We Indians love to exaggerate. Gandhi is not only Bapu but Mahatma also. It is not enough that Patel is Sardar, he has to be called Lauh Purush too. Tagore is Guru and Dev both - together. Nehru was Chacha... Thank god he was not called Mamu also!! Even Indira Gandhi who mothered (politically also) the thuggish Sanjay Gandhi was called Durga!!!
The film Industry in India is, arguably, the most powerful expression of popular culture. Our movies amplified the unreal so much that it became an escape from reality. Our heroines knew nothing except purity, virtue and sacrifice. They fell in love with men like Sunny Deol who took on the entire Pakistani State all alone in Gadar. That love gave them so much warmth that they could gyrate in skimpy clothes on the frozen lakes of snow capped Alps.
The movies made by Benegals and Nihlanis in late seventies and eighties on real issues were called parallel cinema. Escape was the mainstream. Nineties was the Zenith of escapist Cinema. Kitsch was at its pinnacle in Karan Johar combining with Shahrukh Khan and making Kabhi Khushi Kabhi Gam where Shahrukh Khan was so good at not acting. Karan Johar and Shahrukh Khan, by achieving so much success with such sloppy escapist work, epitomized the mediocrity which thrives in every other sphere in our society. No other combo has achieved such success with such shallow delivery except, possibly, the director and actor combo of Sonia and Manmohan.
The last decade though, has been a welcome change. The emergence of directors like Vishal Bhardwaj, Dibakar Banerjee, Anurag kashyap, Thigmanshu Dhulia, and the likes has given us stories of real people. They have got rare acting talents like Irfan Khan and Nawajuddin Siddiqui to give flesh and blood to these real people and not rouge and mascara of the escapist cinema.
Their movies, in their attempt to discover reality, have taken us deeper into layers of our existence which is good, bad and ugly at the same time. In our daily existence, we attempt to ignore the unpleasant or sweep our passions – good or evil - under the carpet. Their work has tried to show us the mirror. They are fascinating because they tell us about the most unpredictable story, the real Life. Watching the filth of hinterland has made us more lively. The imported beauty of Swiss locations was numbing us.
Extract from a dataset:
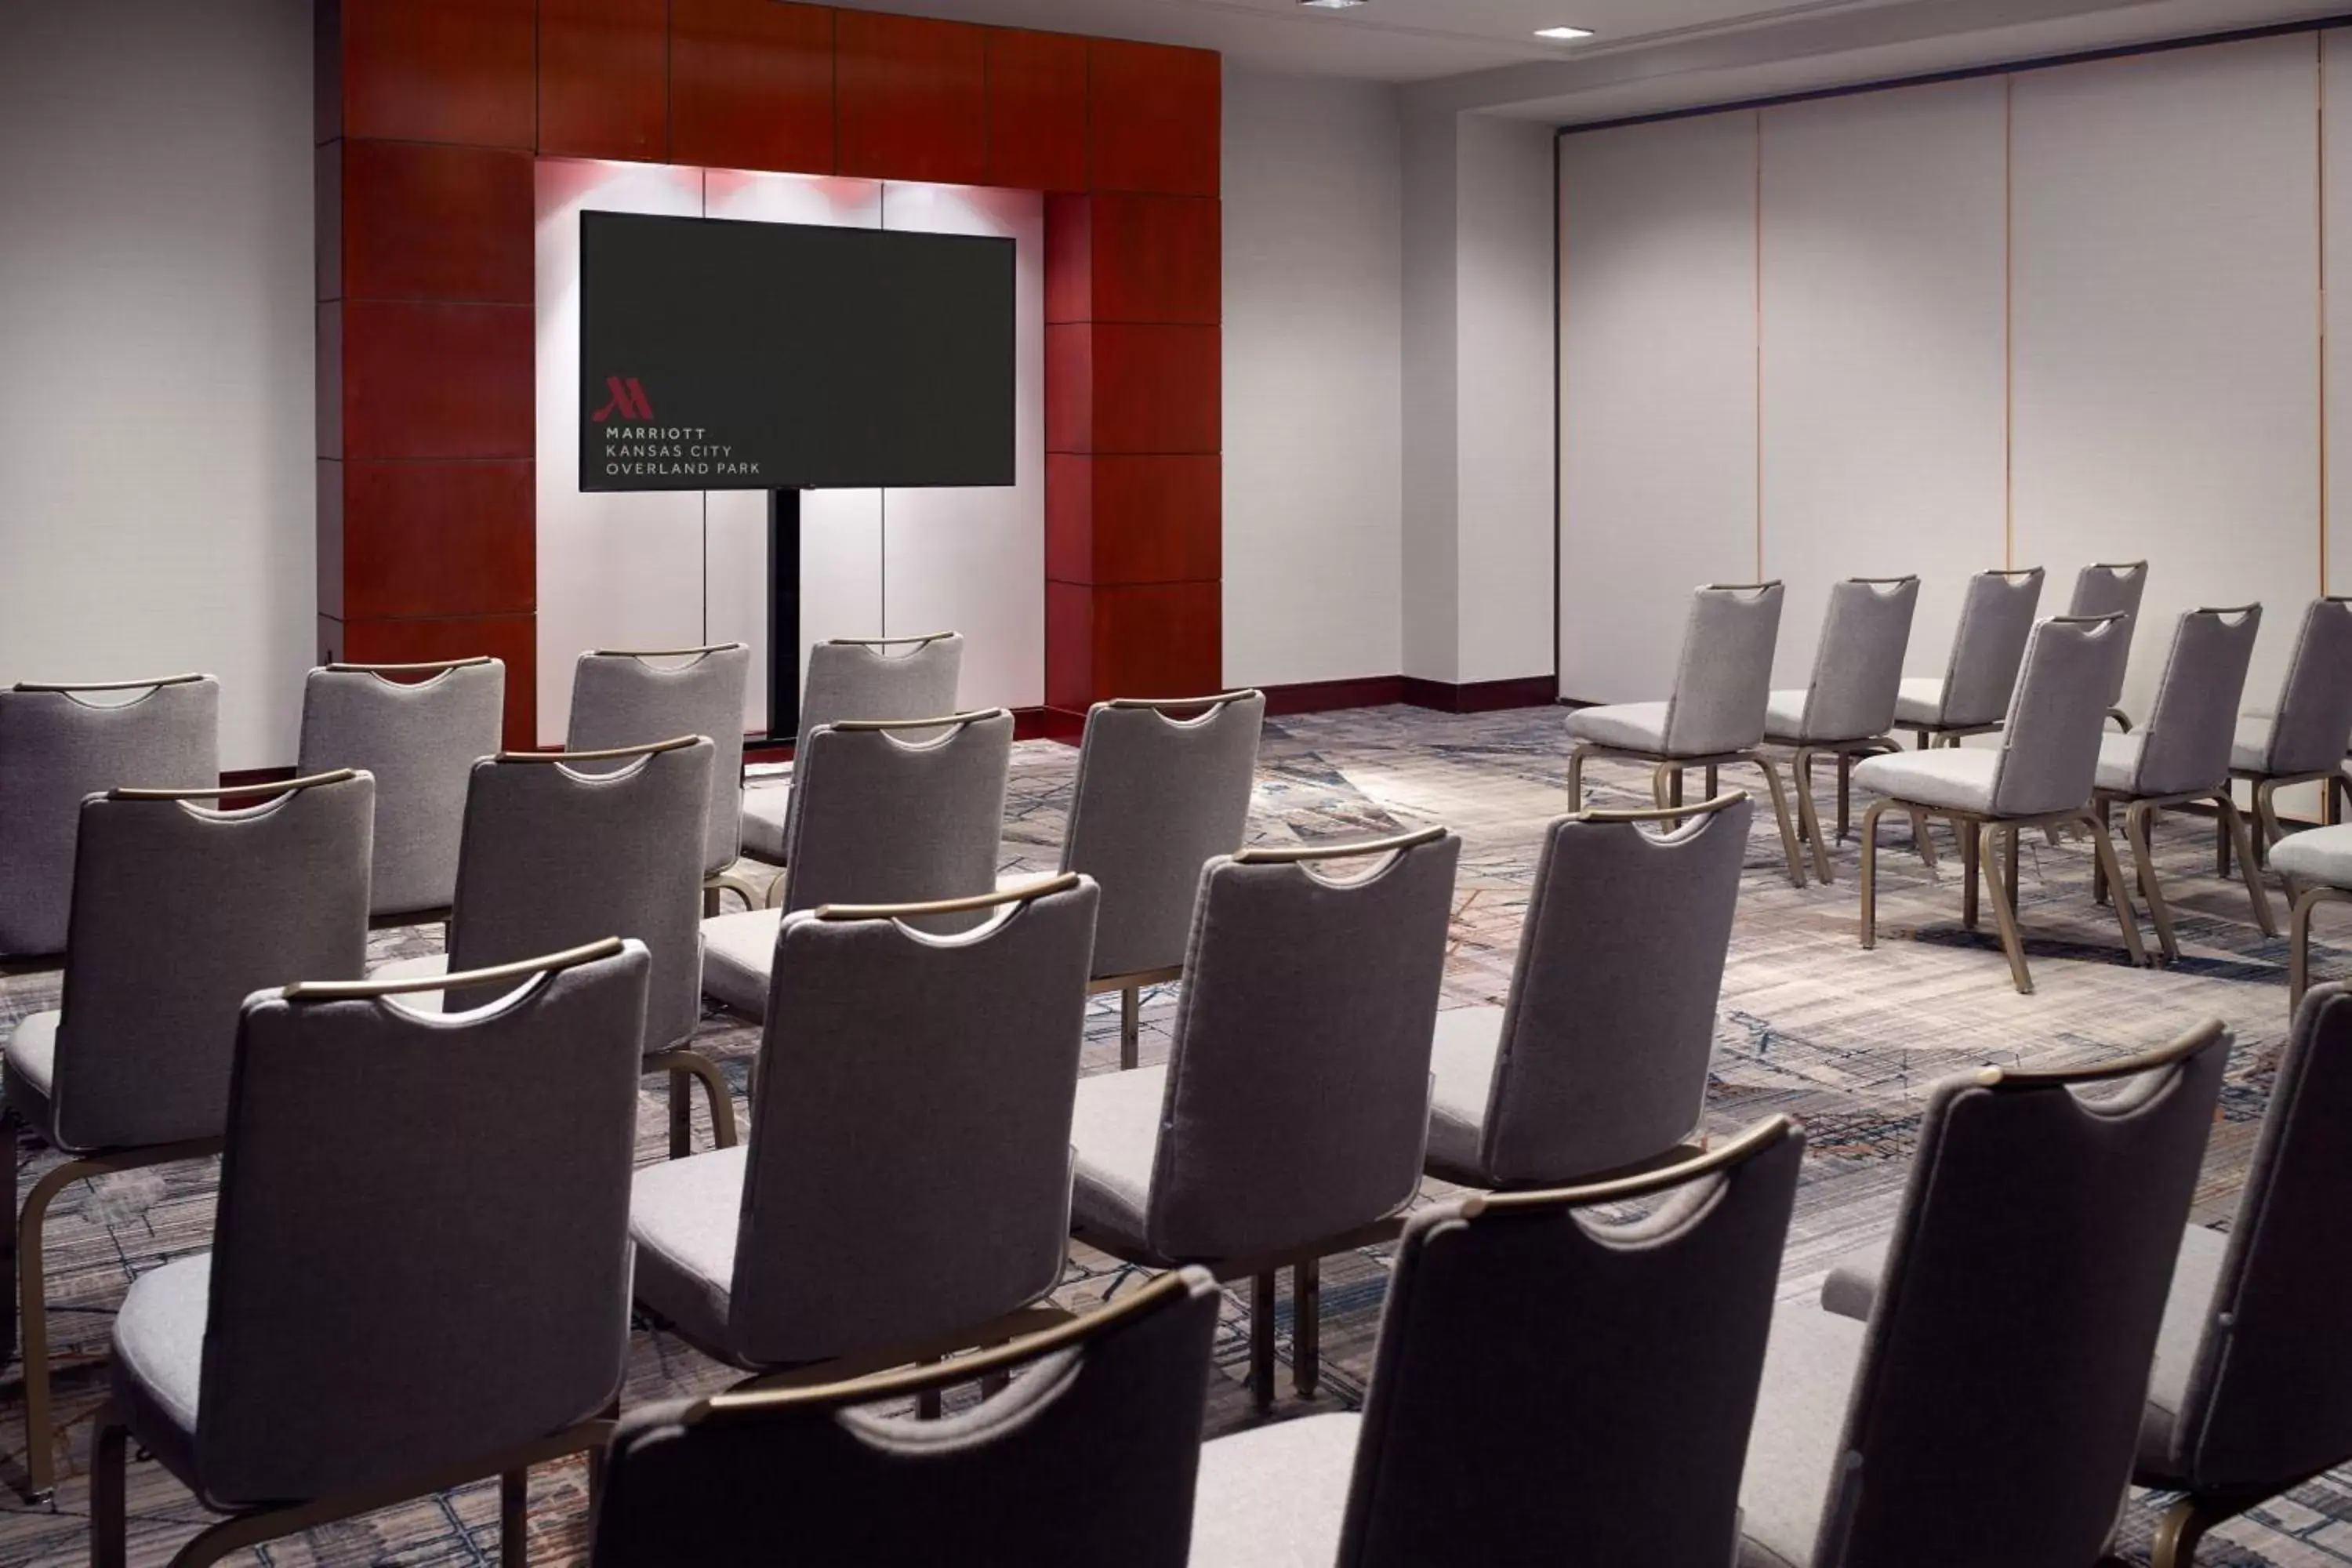 Meeting/conference room in Marriott Kansas City Overland Park

Bombay Talkies is an unique joint effort of different directorial talents. Anurag Kashyap, Zoya Akhtar, Karan Johar and Dibakar Banerjee tell us four separate stories combined by a common thread in celebration of hundred years of Indian Cinema.
Dibakar Benerjee has adapted a short story of Satyajit Ray. Nawazuddin Siddiqui is a failed actor who can not even get the job of a security guard. Telling stories would have been his vocation if he had stuck to acting. However, he looked for the safety of a job, landed nowhere and is not even able to tell a story to his daughter. He finds an opportunity to do a tiny role by accident. He gets in touch with his lost soul and finds the story of his life.
Karan Johar’s violent discovery of the bisexuality of a married man is hard hitting. The easy going manner of the young gay man hitting on the intense and married journalist in the background of the song “Lag Ja Gale” creates artistic tension. I am still grappling, whether, the use of lovely old song was to soothe the nerves or to inflame passions! The pain of your most tender passions being in conflict with social norms is portrayed touchingly. A brush with reality can do so much good to Karan Johar. Karan, Please leave Shahrukh and Firang locations. Go to Kalahandi or Gorakhpur and tell us some beautiful stories which you seem to be capable of.
Zoya Akhtar takes up the riveting conflict of desires of a middle class father and his tiny son about the latter’s future. The father wants him to play football and be Macho. The tender hearted kid wants to dance with effeminate moves. The stage is set for a pulsating story but it splutters when the story moves to the kid’s fascination about Katrina Kaif.
Anurag Kashyap tells the fantastical story of the obsession of a father-son duo from Allahabad about the Mega Star Amitabh Bachan. Anurag’s story is the weakest link of the battery. Is it so because he is not in his familiar territory of reality and has gotten into fantasy?
Dibakar Banerjee’s story is the true celebration of hundred years of Indian cinema. Dibakar seems to be perfecting his art in his fifth movie. He shows almost complete command over the medium and gives a flawless treatment to a beautiful story. This is expected from somebody who has made Khosla Ka Ghsola, Oye Lucky! Lucky Oye!, Love Sex & Dhokha and Sanghai.